Contrairement à Annie, Plum (Joy Nash) est encore vierge et peu à l’aise avec son corps. Elle est évidemment la proie de certains fétichistes tandis qu’elle ne voit pas (ou ne croit pas) forcément le désir sincère qu’elle peut susciter chez d’autres. Des trois séries ici évoquées, le propos de Dietland est le plus radical, à tel point que la situation de Plum, qui finit par renoncer à l’opération de réduction gastrique envisagée, par crainte de ses possibles dangers, est bientôt liée à une sorte de branche armée du mouvement #metoo. Le récit est ambitieux, la réalisation inventive (avec des incrustations de dessins, animés ou non), et le cheminement personnel de Plum plus richement développé que dans Shrill et, il va sans dire, que dans This Is Us.

Au contraire de cette dernière, qui est la série la plus regardée outre-Atlantique chez les 18-48 ans, Dietland n’a fait que de faibles scores (200 000 spectateurs) dans cette même catégorie.

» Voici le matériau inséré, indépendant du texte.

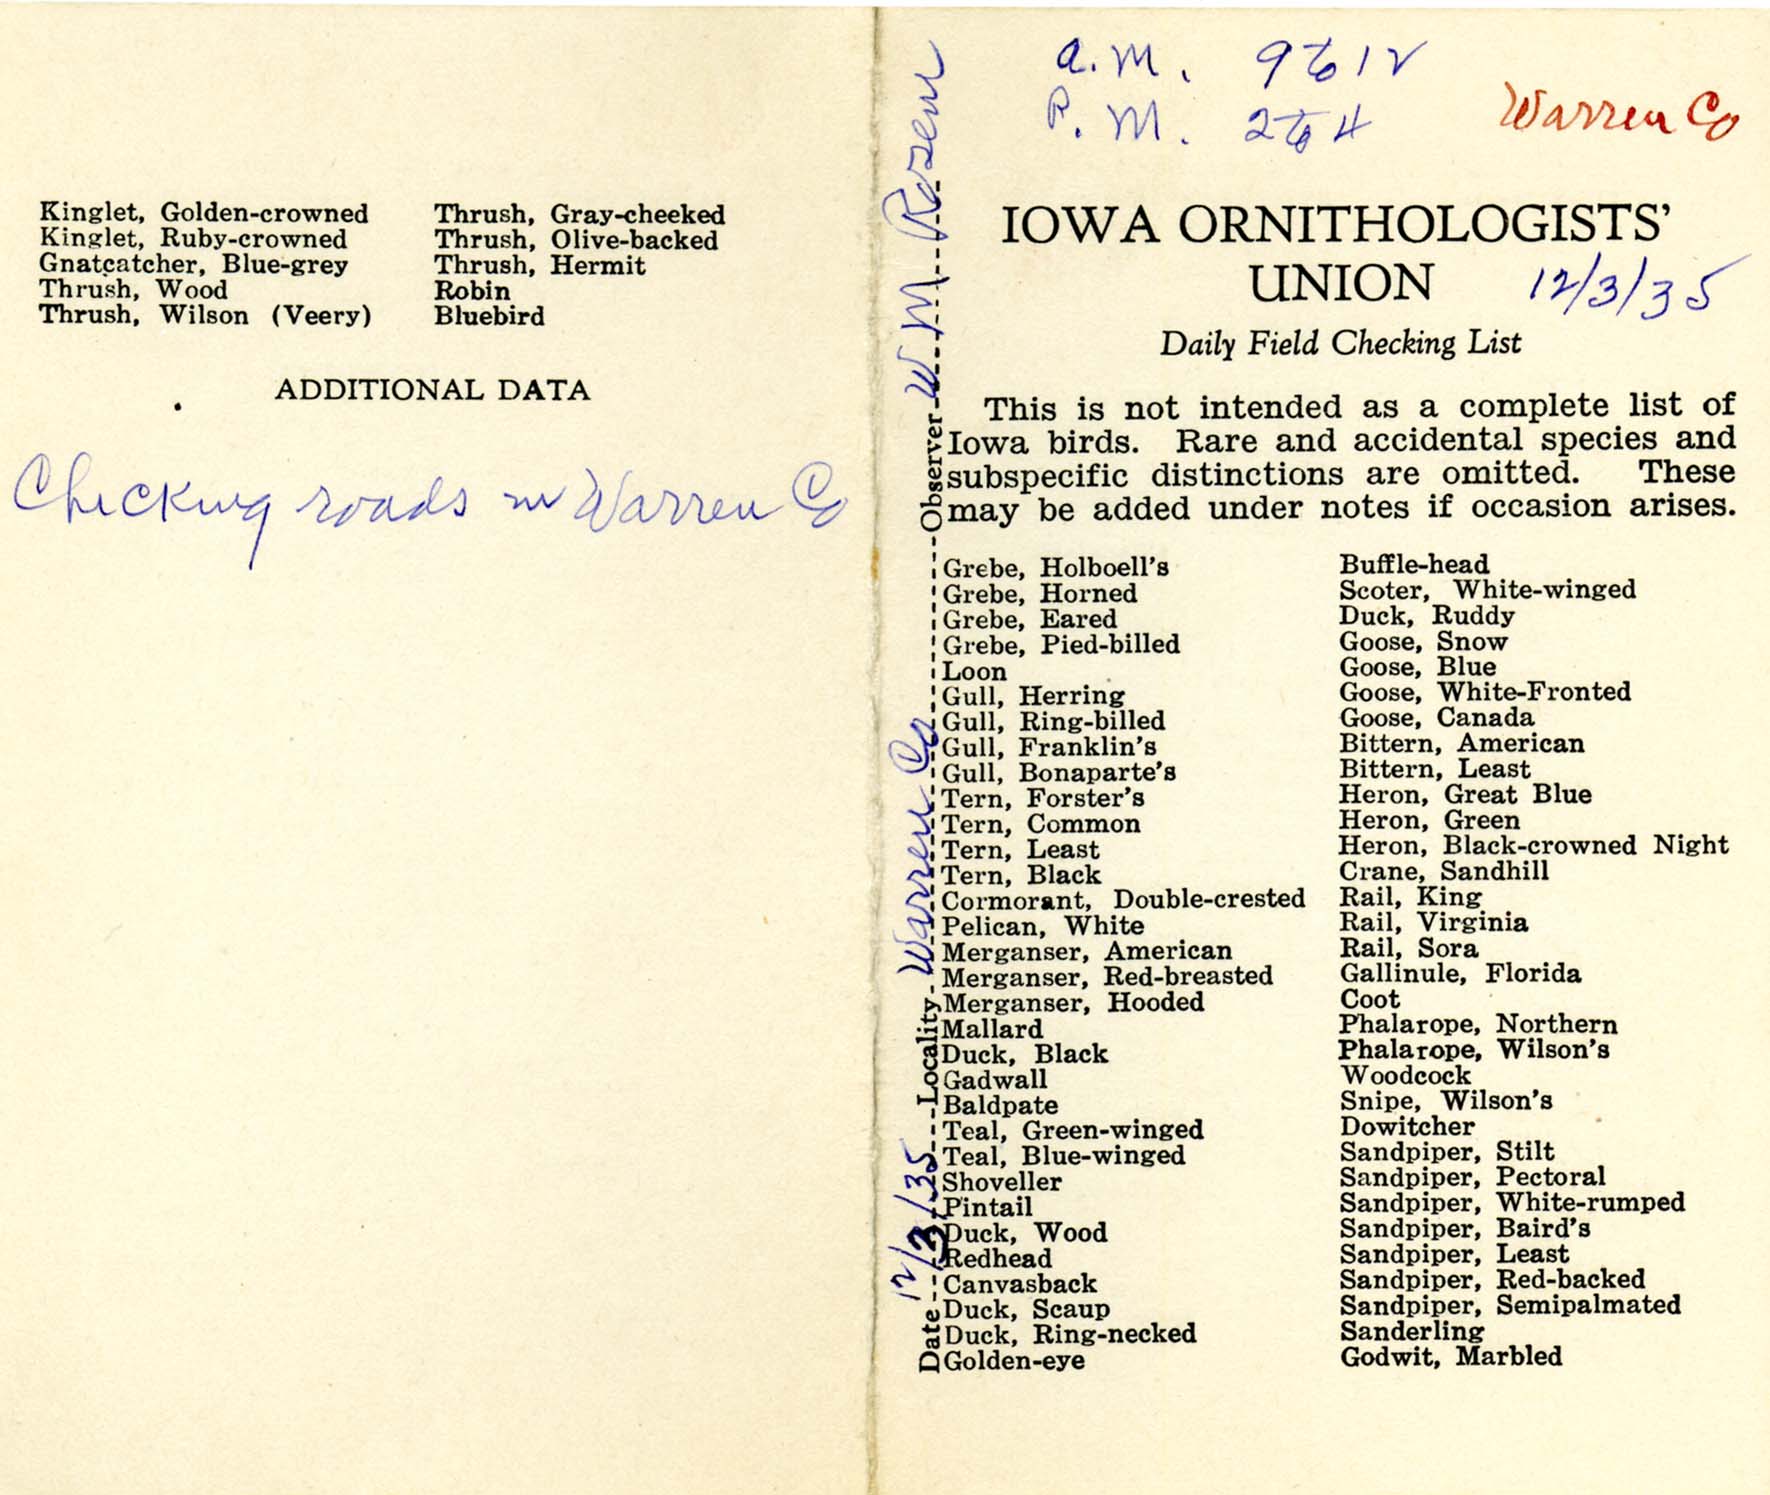 Daily field checking list, Walter Rosene, December 3, 1935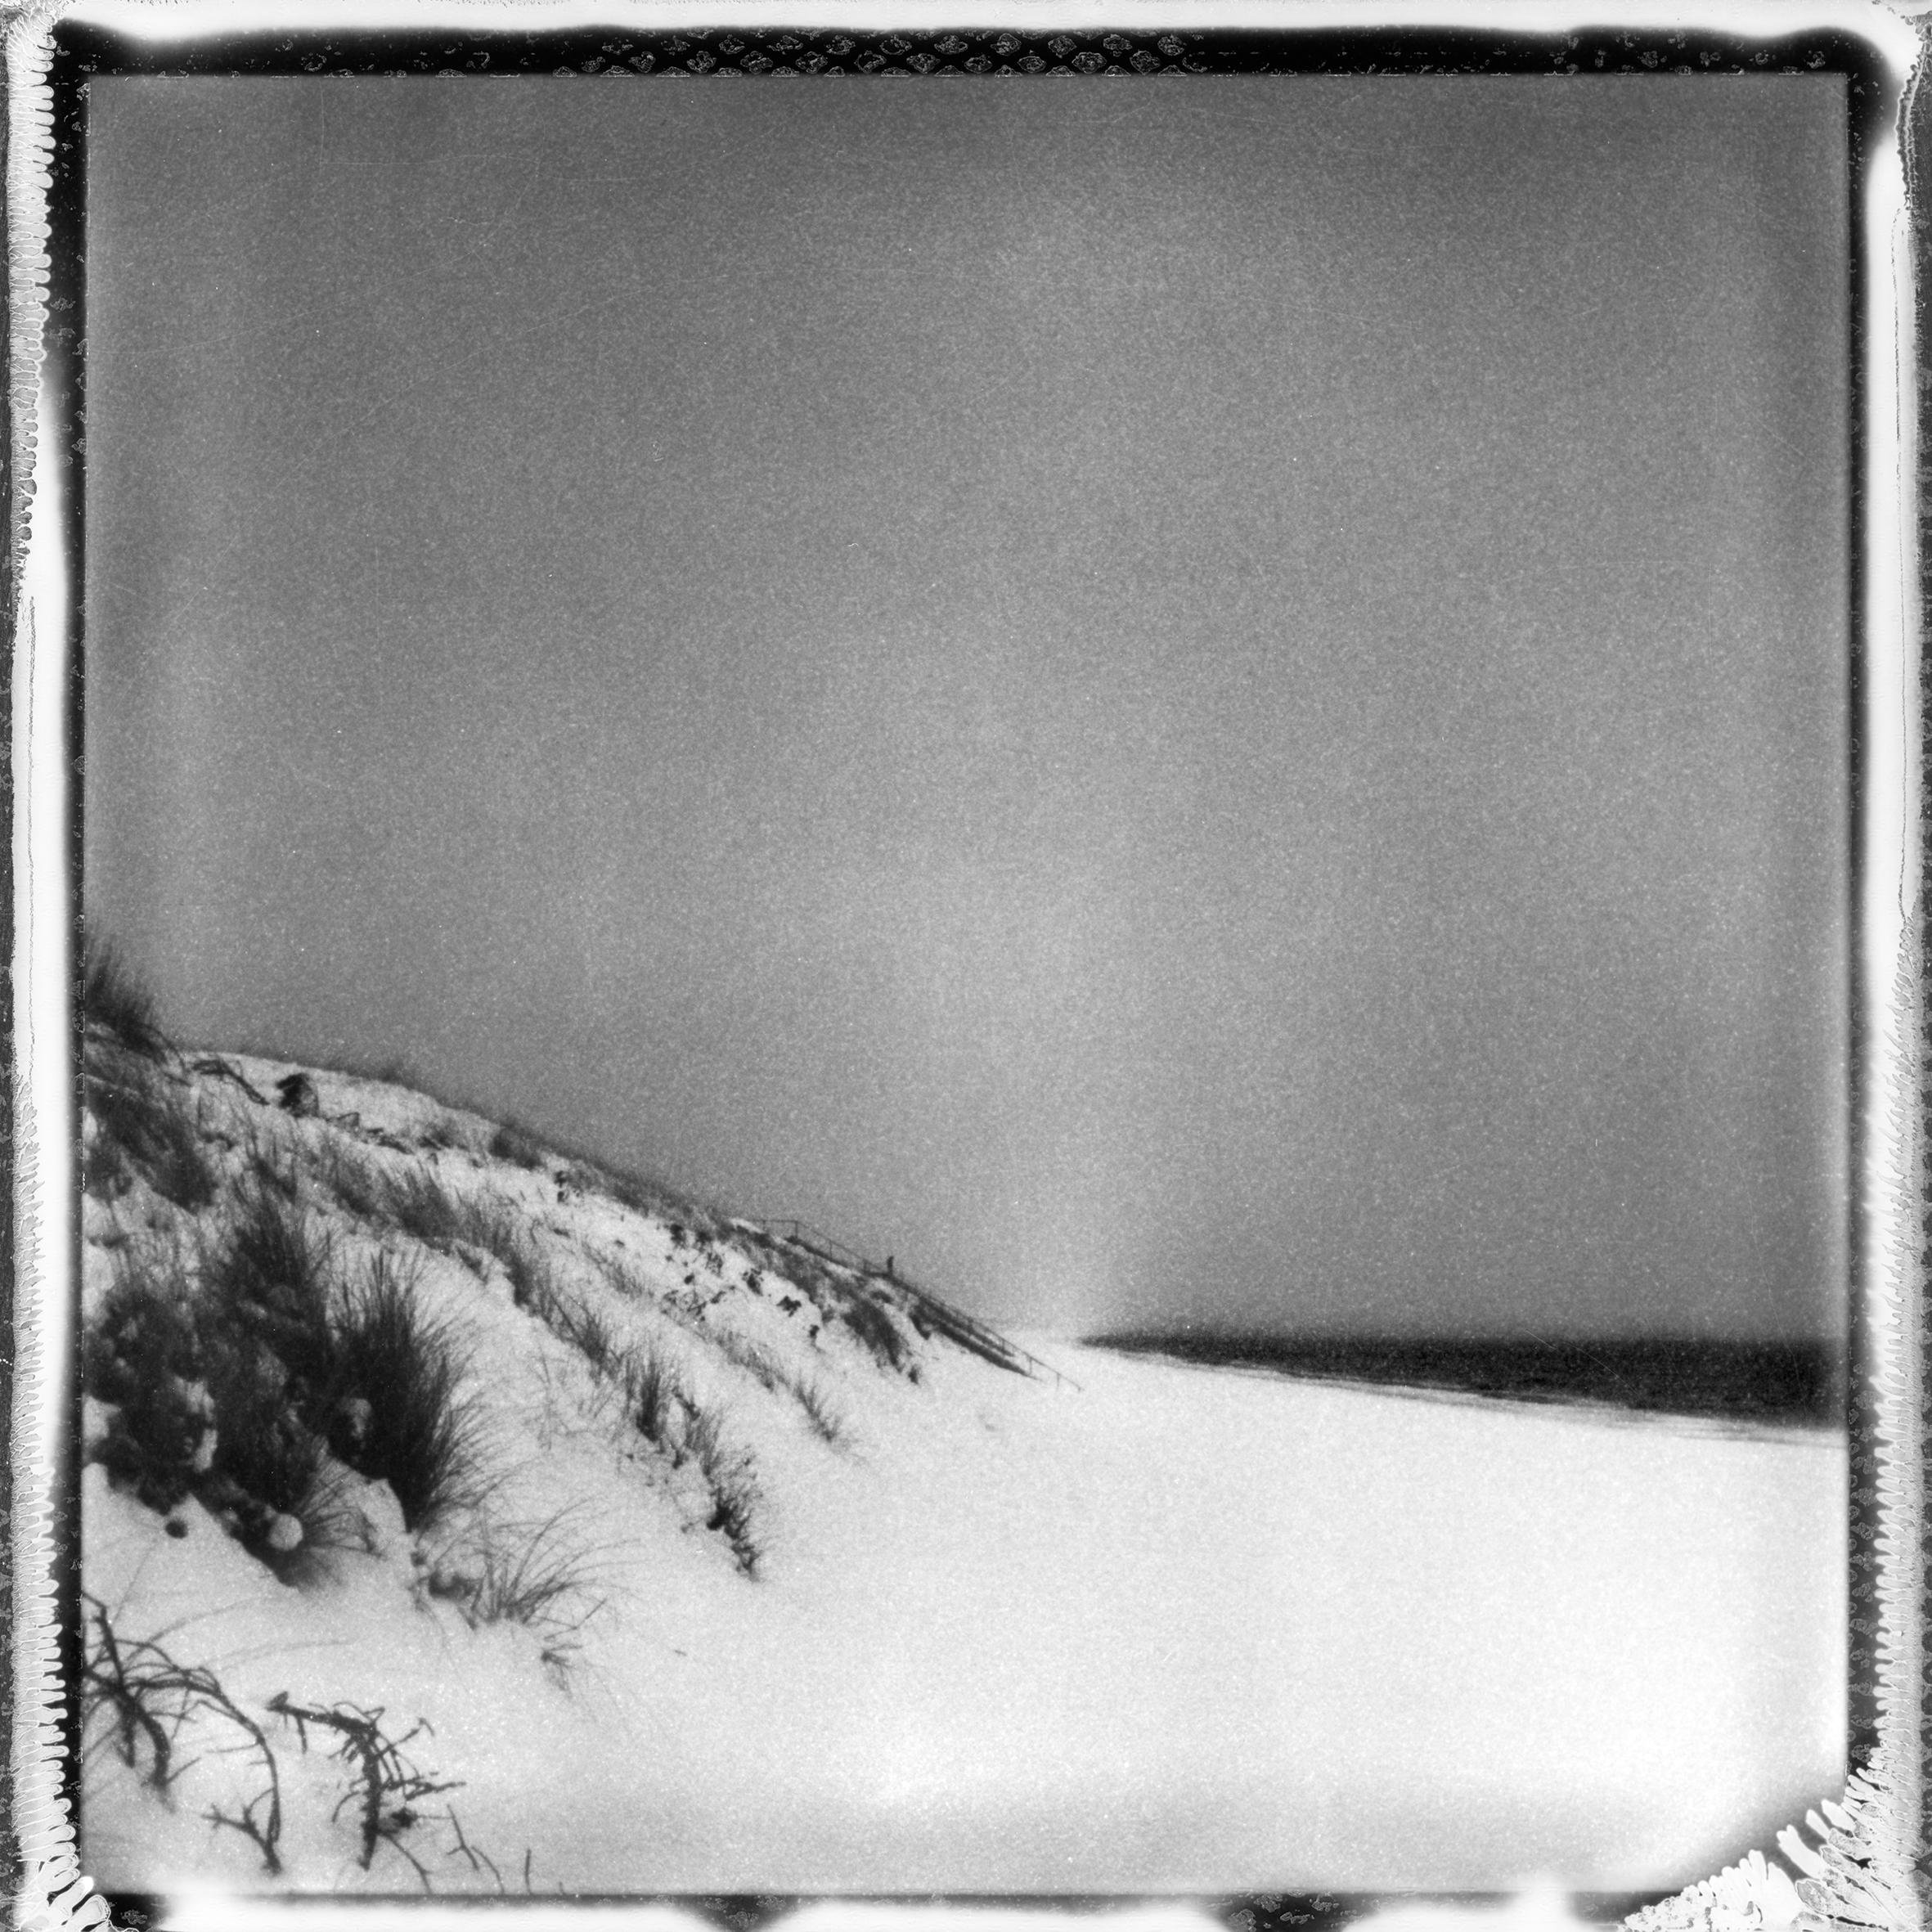 „Frozen beach #2“ – Schwarz-Weiß- analoge Landschaftsfotografie in Schwarz-Weiß

Elle a dépassé le million de téléspectateurs lors de la diffusion de son premier épisode, mais, au terme des dix qui constituent sa saison 1, en a perdu près de la moitié. Cet insuccès, en dépit de la présence de Julianna Margulies, qui faisait son retour depuis la fin de The Good Wife (2009-2016) – mais sûrement aussi, murmure-t-on, en raison du montant de son cachet – ont contraint la chaîne AMC à ne pas renouveler Dietland pour une deuxième saison. De sorte que cette « dramédie », inégale mais inventive et subtile dans le fond et la forme, s’achève de façon bancale, sans avoir pu mener à son terme le développement de ses intrications et le devenir de son héroïne, la formidable Joy Nash.

DIETLAND Official Featurette "A Look at the Series" (HD) AMC Comedy Series
Durée : 04:24

Dietland, série créée par Marti Noxon. Avec Joy Nash, Julianna Margulies, Tamara Tunie, Adam Rothenberg (EU, 2019, 10 x 45 min). Disponible sur Amazon Prime Video.